As I said above, a subexpression is an annotated portion of our pattern in regex. In our regular expression, we separate subexpressions by wrapping them in parentheses ( ). Each subexpression can then be referenced using a dollar sign $ followed by the subexpression number you want (numbered from left to right).

Let’s take a look at a query that satisfies our requirements.

    substr(regexp_replace(sample, '(\\b.+\\b)(ipsum)', '**** $2'), 1, 50) snippet
from ipsum
where id in (1,2,6,10,11);

The second argument of regexp_replace() shows that two regex parts are wrapped in parentheses. This annotation means that we will have two subexpressions. Let’s break these down individually. We will start with (\\b.*\\b).

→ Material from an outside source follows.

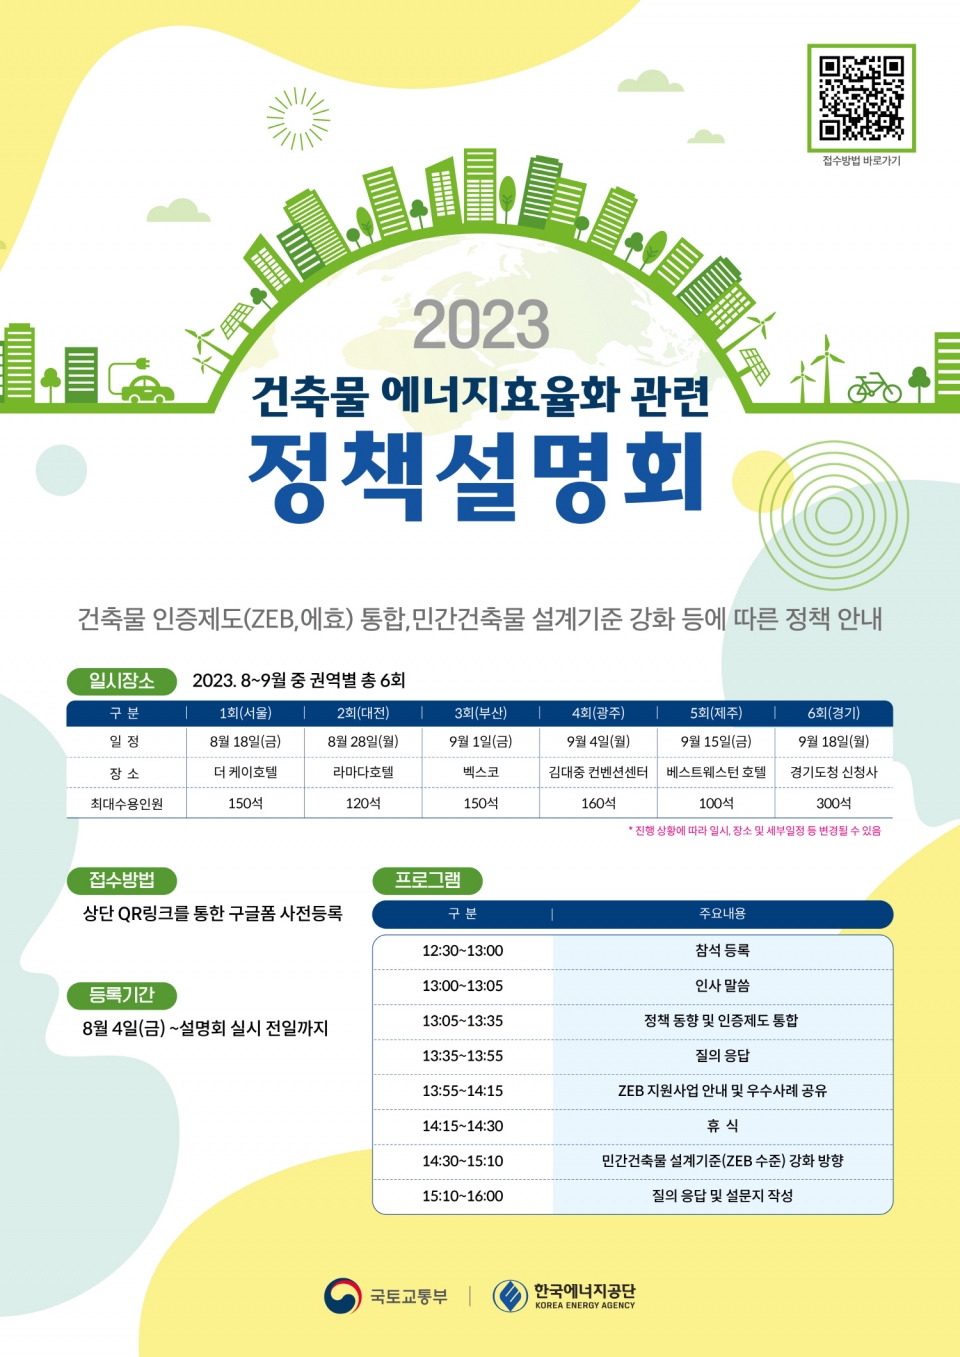 에너지공단이 국토교통부와 함께 개최하는 건축물 에너지효율화 관련 정책설명회 포스터.

  • ( : The left parenthesis indicates the start of our subexpression. It is NOT used as part of the pattern match.
  • \\b : This part of the regex says we want to match a word boundary.
  • .+ : Next, we specify we want to match one or more characters.
    • The . indicates any character.
    • The + indicates one or more.
  • \\b : This part of the regex says we want to match a word boundary.
  • ) : The right parenthesis indicates the end of our subexpression. It is NOT used as part of the pattern match.

The second subexpression, (ipsum), is easier to read.

  • ( : The left parenthesis indicates the start of our subexpression. It is NOT used as part of the pattern match.
  • ipsum : Indicates we want to match the literal string ‘ipsum’.
  • ) : The right parenthesis indicates the end of our subexpression. It is NOT used as part of the pattern match.

When we combine these two, our pattern translates to a word boundary followed by one or more characters, followed by another word boundary, followed by the text ‘ipsum’.

We reference the second subexpression using $2 in the third argument. Now, regexp_repalce() will replace our matching pattern with the literal string **** and the value of our second subexpression.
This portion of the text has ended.